Senin, 02 Februari 2015

Day# 33: Using My Noggin'!

Yesterday's workout was R-O-U-G-H.

I've been doing roughly 1 hour of cardio 5x's a week (30 min on Mr. T and 30 on the upright bike) with no problem- truthfully, (to my own surprise) I really enjoy working out and pushing myself to do things that I didn't think I could. However, last night I felt like my legs weighed a bazillion pounds and it literally was all I could do to to keep myself on that treadmill for the full 30 minutes- but I did and I was proud of myself :)

I went home wondering why in the world I just felt so sluggish during my workout- that had never happened to me before and at this point in the game working out should be getting easier, not harder. And then the culprit to my sluggishness was discovered- I hadn't eaten since noon and it was 6pm! No wonder I felt like a dead turd! You would think it would be fairly obvious that not eating for 6 hours would not provide me with enough energy for a great workout but needless to say, I wasn't usin' the old noggin!

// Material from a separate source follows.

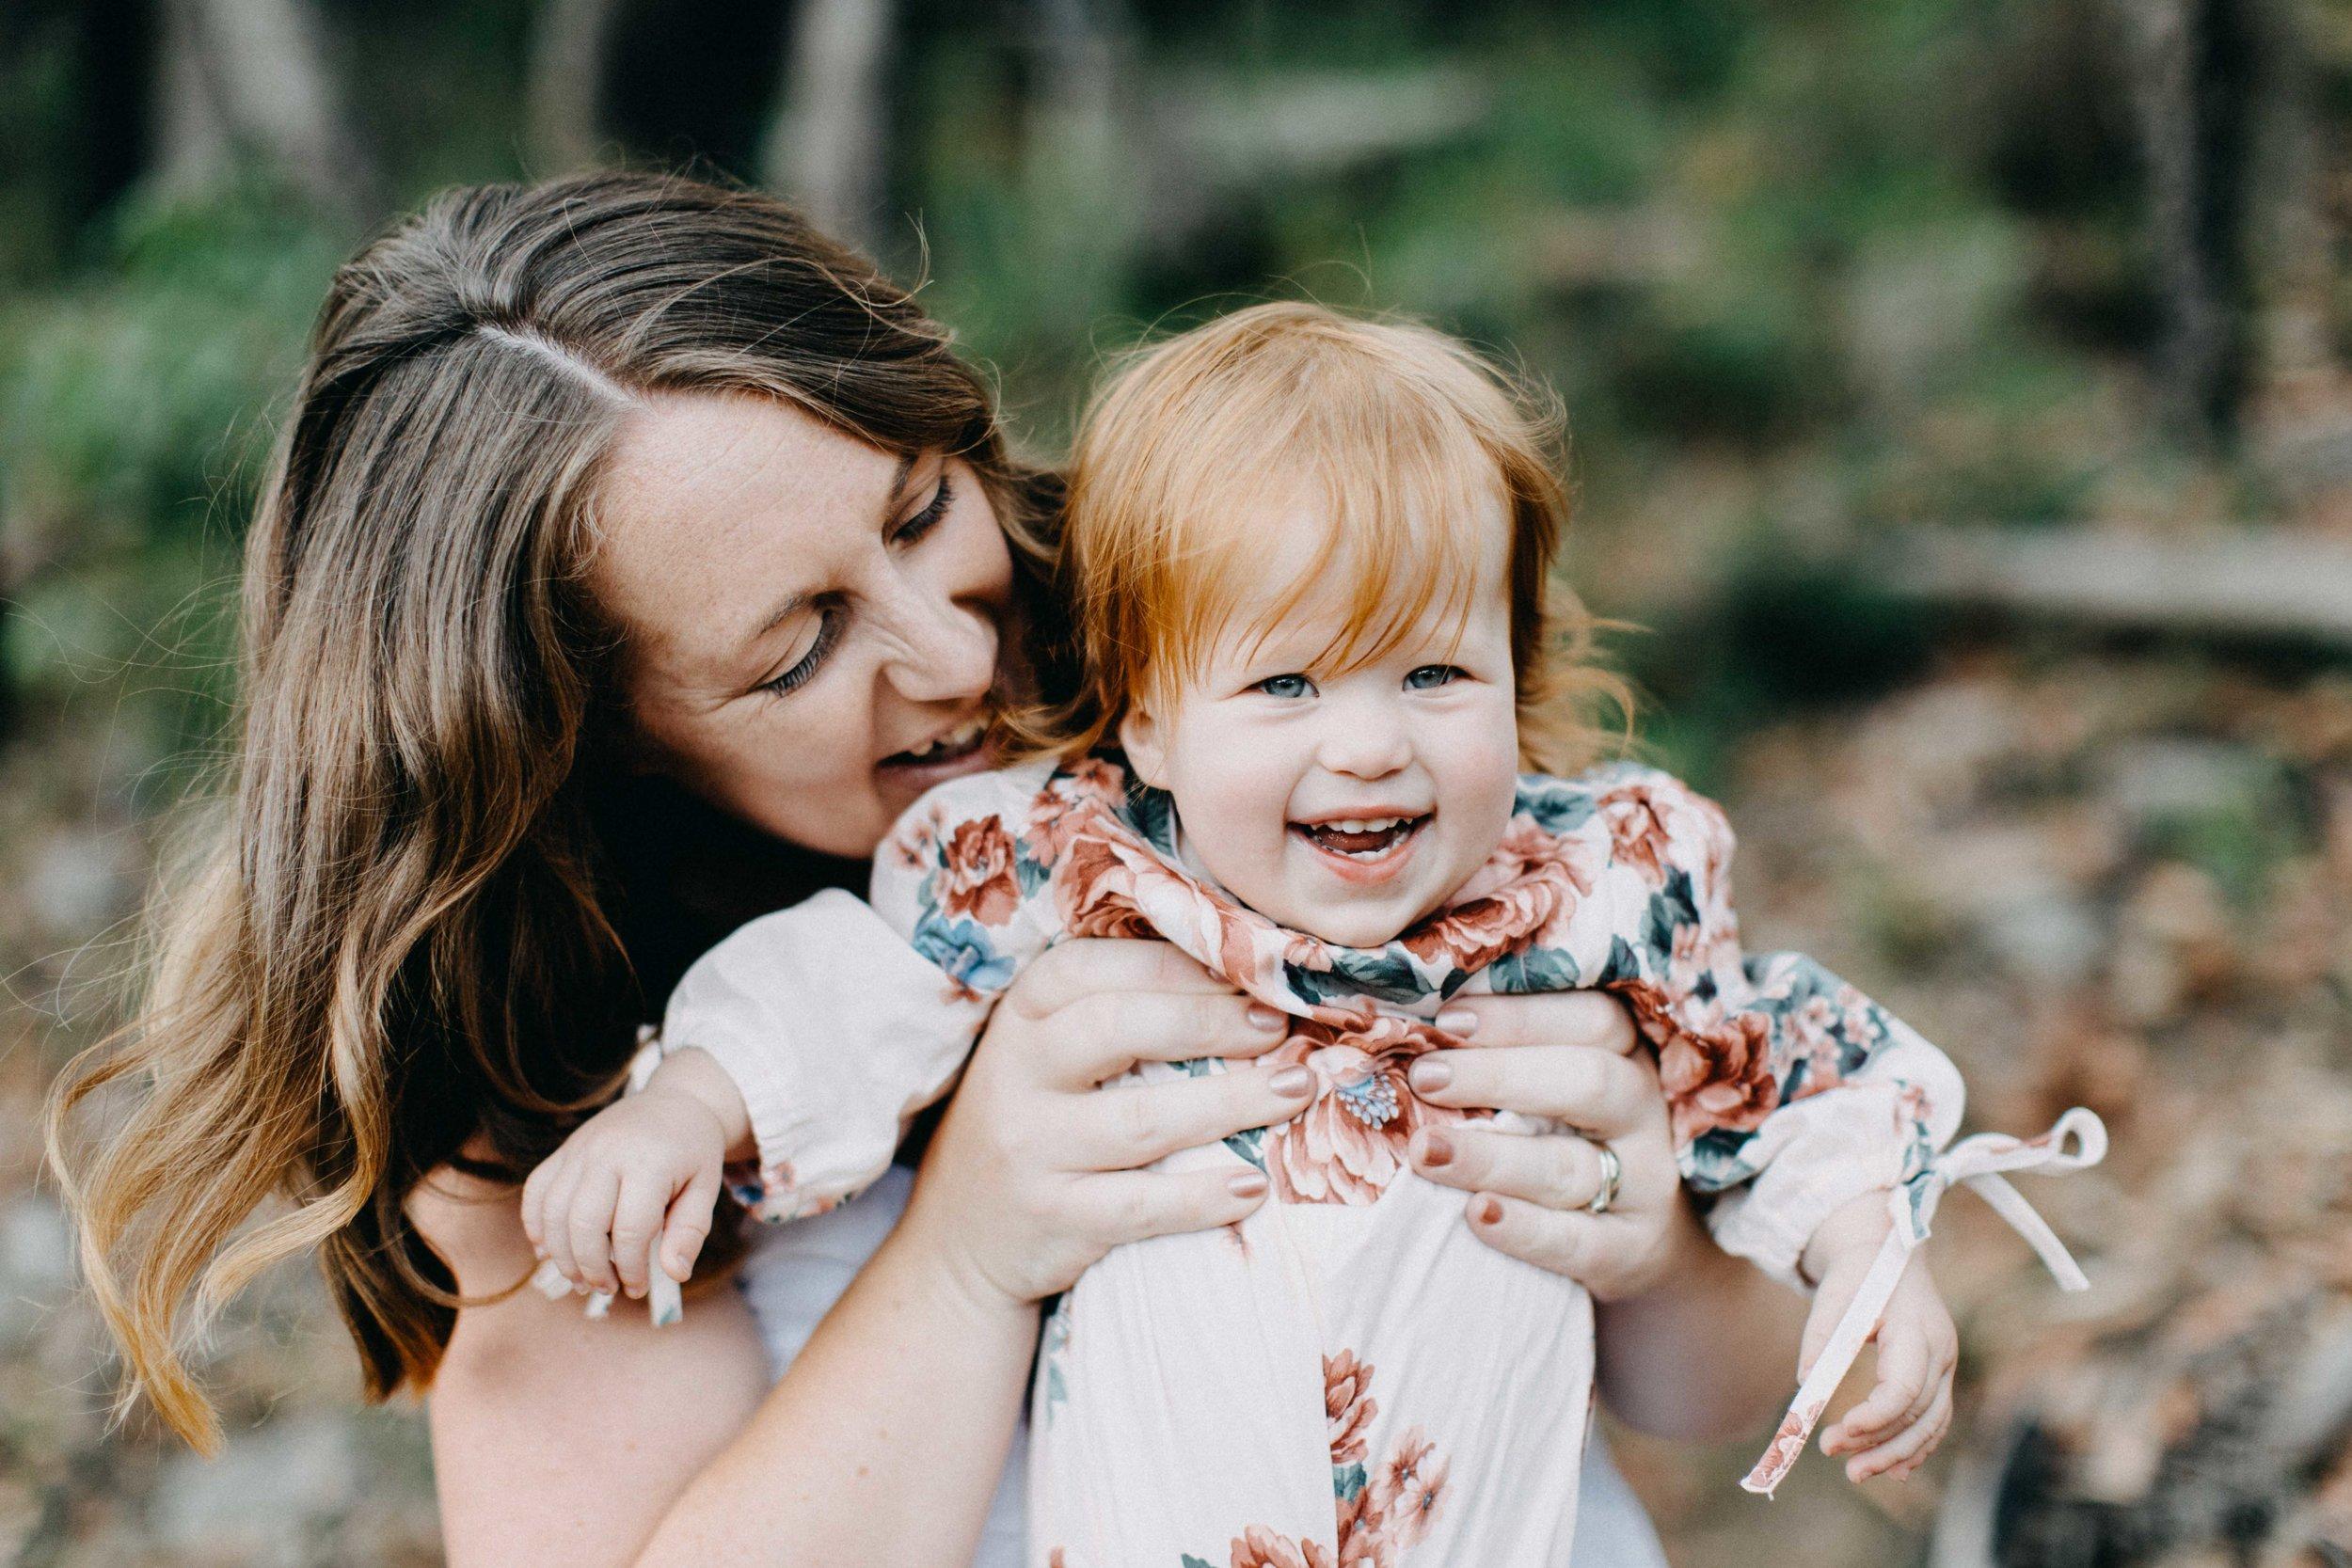 southern-highlands-maternity-photography-macarthur-ruth-www.emilyobrienphotography.net-17.jpg

And this got me thinking- did I really even know what it was I was suppposed to be eating before and after a workout? The simple answer- No. So I spent the evening doing some research and here's what I found out:

It is helpful to not just eat before or after a workout but both.

Benefits to eating BEFORE a workout: Helps give your body the energy that it needs to work hard so that you can burn calories/fat, helps settle your stomach and avoid hunger, prevents low blood sugar, and fortifies your mental state by knowing that your body is fueld. This might just sound like a bunch of mumbo jumbo but let me tell you what, I know that I would have felt a million times better during my workout and been able to burn WAY more calories had I made sure I had fueled my body properly.

Pre-Workout Snacks:
- Protein Bar
- Veggies
- Sports Drink
- Bread
- Fruits

Avoid: Foods rich in Fiber and Fat.

Benefits to eating AFTER a workout: Studies have shown that 15-60 minutes after a workout is the optimal time to eat carbohydrate and protein rich foods because it is at that time that you have a "metabolic window"- This means that enzymes that replenish muscle carbs are at their highest levels. Plus, insulin, which rebuilds protein stores, is at peak levels. So eating a carb-and-protein mix at this point will maintain muscle, replenish glycogen stores, and reduce the amount of fat your body stores.

Post-Workout Snacks:
- Turkey on a whole wheat bagel
- Banana
- Orange Juice
- Egg
- Peanut Butter Sandwhich
- Yogurt w/fruit
- Bagel w/ lite cream cheese
- Handful of nuts

As far as WHAT TIME you should eat- about 1 hour before and within 15-45 minutes after.

Before researching this subject I was really just guessing at what I thought was good to eat, but now I know the right way to fuel my body so that a workout doesn't feel like torture! I'm guessing most of you already knew this stuff but in the rare case that someone was like me and was clueless- there you go! :)

I'm hitting the gym again tonight, but this time I'll be munching on one these little tastes of heaven... Luna Bars! (Peanut Butter Cookie). These babies are packed w/ protein (9gs) and I'll see if these provide me w/the energy I need to give it my all in the gym!

Yesterday's slugfest also reminded me that I need to be more consious of eating my 6 small meals a day- I really shouldn't have gone 6 hours without eating- I'm prepared today!

So let's hear it- do you eat before/after you workout? What are your favorite pre/post workout snacks?